Regeling vervallen per 01-01-2024

Verordening reinigingsheffingen 2020

Geldend van 01-01-2020 t/m 31-12-2023

Intitulé

Verordening reinigingsheffingen 2020

De raad van de gemeente Hengelo;

gelezen het voorstel van het college van burgemeester en wethouders van 3 december 2019;

gelet op de artikelen 229, eerste lid, aanhef en onderdelen a en b en 156, eerste en tweede lid, aanhef en onderdeel h van de Gemeentewet en artikel 15:33 van de Wet milieubeheer;

besluit:

vast te stellen de volgende

Verordening op de heffing en de invordering van afvalstoffenheffing en reinigingsrechten 2020 (Verordening reinigingsheffingen 2020)

Hoofdstuk I Algemene bepalingen

Artikel 1 Inleidende bepaling

Krachtens deze verordening worden geheven:

  • a.

    afvalstoffenheffing;

  • b.

    reinigingsrechten.

Artikel 2 Definities

In deze verordening wordt verstaan onder:

  • a.

    Perceel:

    • 1.

      de onroerende zaak, bedoeld in Hoofdstuk III van de Wet waardering onroerende zaken;

    • 2.

      een binnen de gemeente gelegen roerende zaak;

    • 3.

      een gedeelte van een roerende zaak dat blijkens zijn indeling is bestemd om als afzonderlijk geheel te worden gebruikt;

    • 4.

      een samenstel van twee of meer roerende zaken of in onderdeel c bedoelde gedeelten daarvan die bij dezelfde belastingplichtige in gebruik zijn en, naar de omstandigheden beoordeeld, bij elkaar behoren;

    • 5.

      het binnen de gemeente gelegen deel van de in onderdeel b bedoelde roerende zaak, van een in onderdeel c bedoeld gedeelte daarvan of van een in onderdeel d bedoeld samenstel.

  • b.

    Gebruik maken in hoofdstuk II Afvalstoffenheffing: gebruik maken in de zin van artikel 15.33 Wet milieubeheer;

  • c.

    G.F.T.- afval: groente-, fruit- en tuinafval;

  • d.

    Huishoudelijk restafval: afval afkomstig uit particuliere huishoudens, dat overblijft na scheiding in andere deelstromen als bedoeld in artikel 3 eerste onder a t/m r van de Afvalstoffenverordening;

  • e.

    Container: de vanwege de gemeente uitgezette ophaalbakken, onderverdeeld in de verschillende volumina;

  • f.

    Verzamelcontainer: de vanwege de gemeente geplaatste verzamelcontainers, die kunnen worden ontsloten door de Milieupas;

  • g.

    Grove huishoudelijke afvalstoffen: huishoudelijke restafvalstoffen die met enige regelmaat in een huishouden vrij komen, doch die te groot en/of te zwaar zijn om op dezelfde wijze als andere huishoudelijke afvalstoffen aan de inzameldienst te worden aangeboden;

  • h.

    Grof tuinafval: tuinafval, dat met enige regelmaat in een huishouden vrij komt, doch dat te groot en/of te zwaar is om op dezelfde wijze als g.f.t.-afval aan de inzameldienst te worden aangeboden;

  • i.

    Milieupas: de vanwege de gemeente verstrekte pas, met daaraan een bepaald gekoppeld tegoed, ten behoeve van de ontdoening van afvalstoffen.

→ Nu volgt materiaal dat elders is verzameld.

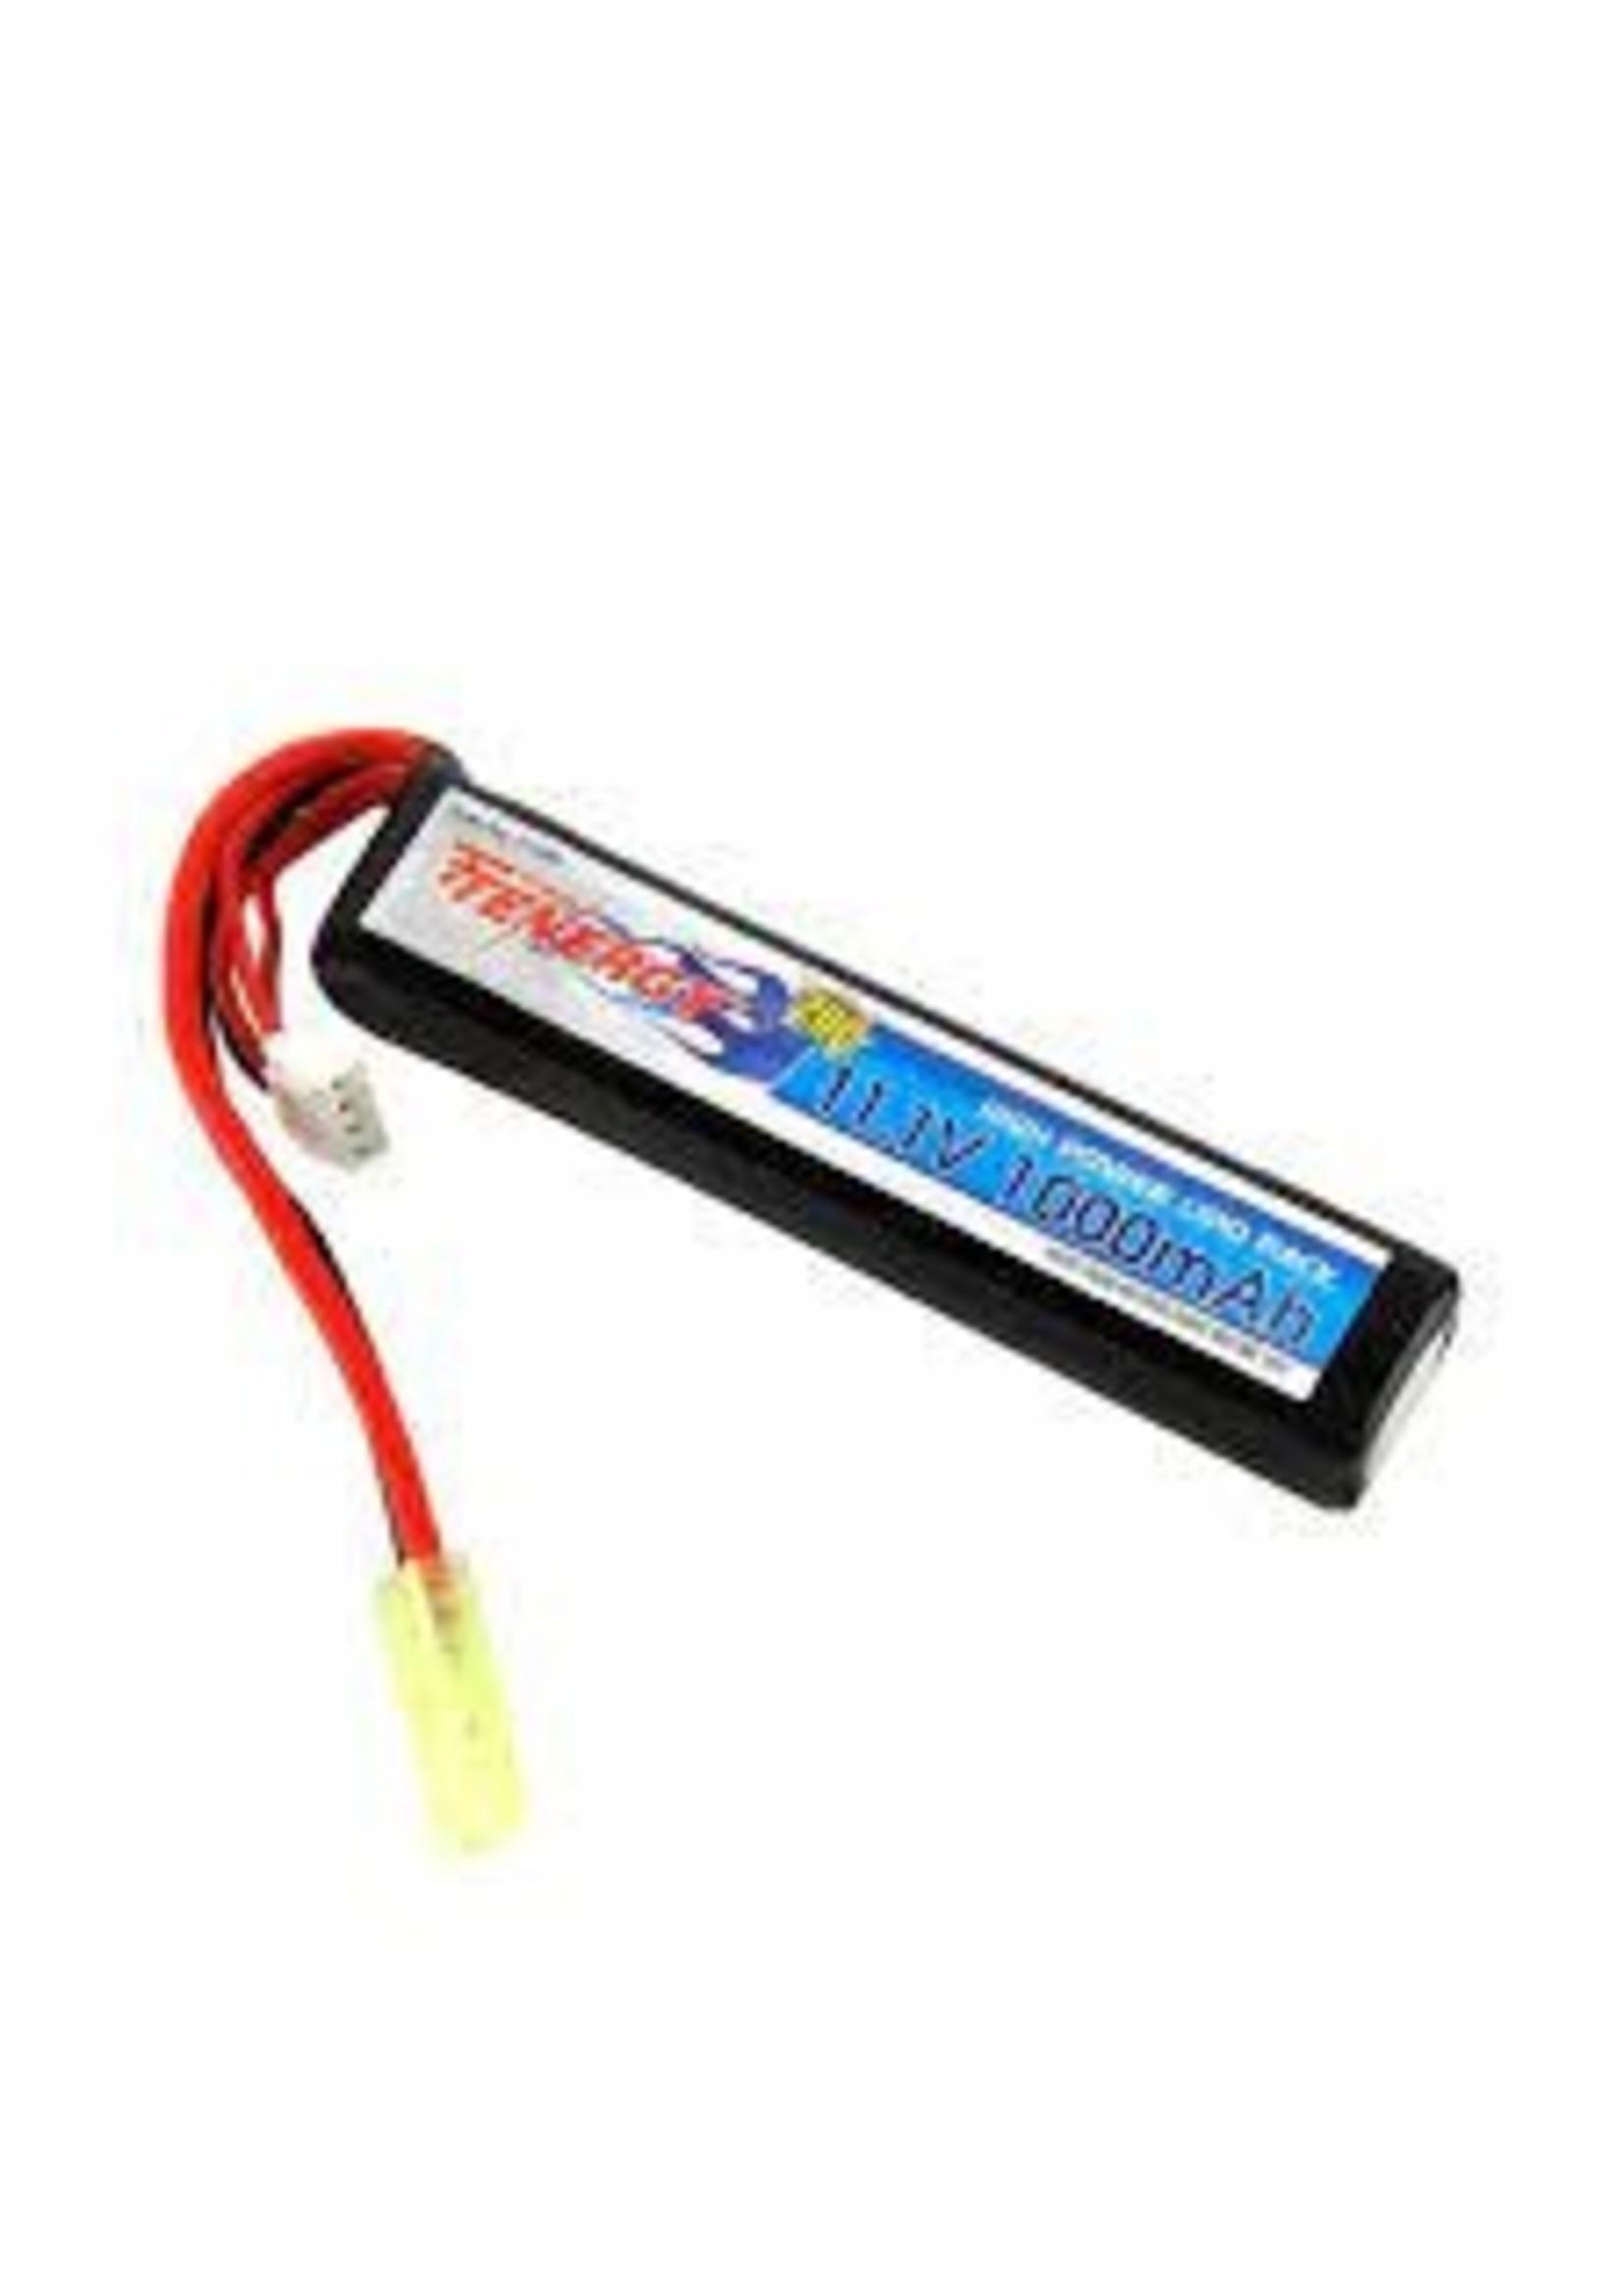 TENERGY 31598 / Tenergy 11.1V 1000mAh Battery - Li-Po Stick Pack w/ Mini Tamiya

Hoofdstuk II Afvalstoffenheffing

Artikel 3 Aard van de belasting en belastbaar feit

  • 1.

    Onder de naam ‘afvalstoffenheffing’ wordt een directe belasting geheven als bedoeld in artikel 15.33 van de Wet milieubeheer (Stb. 1994, 80).

  • 2.

    De afvalstoffenheffing als bedoeld in deze verordening en de daarbij behorende tarieventabel wordt naar afzonderlijke grondslagen geheven ter zake van het gebruik van een perceel ten aanzien waarvan krachtens artikel 10.21 en 10.22 van de Wet milieubeheer een verplichting tot het inzamelen van huishoudelijke afvalstoffen geldt.

Artikel 4 Belastingplicht

  • 1.

    De belasting wordt geheven van degene die in de gemeente gebruik maakt van een perceel ten aanzien waarvan ingevolge artikel 10.21 en 10.22 van de Wet milieubeheer een verplichting tot het inzamelen van huishoudelijke afvalstoffen geldt.

  • 2.

    De belasting voor het achter laten van afvalstoffen op het Milieupark aan de Wegtersweg wordt geheven van degene die de afvalstoffen achter laat.

Artikel 5 Maatstaf van heffing en belastingtarief

  • 1.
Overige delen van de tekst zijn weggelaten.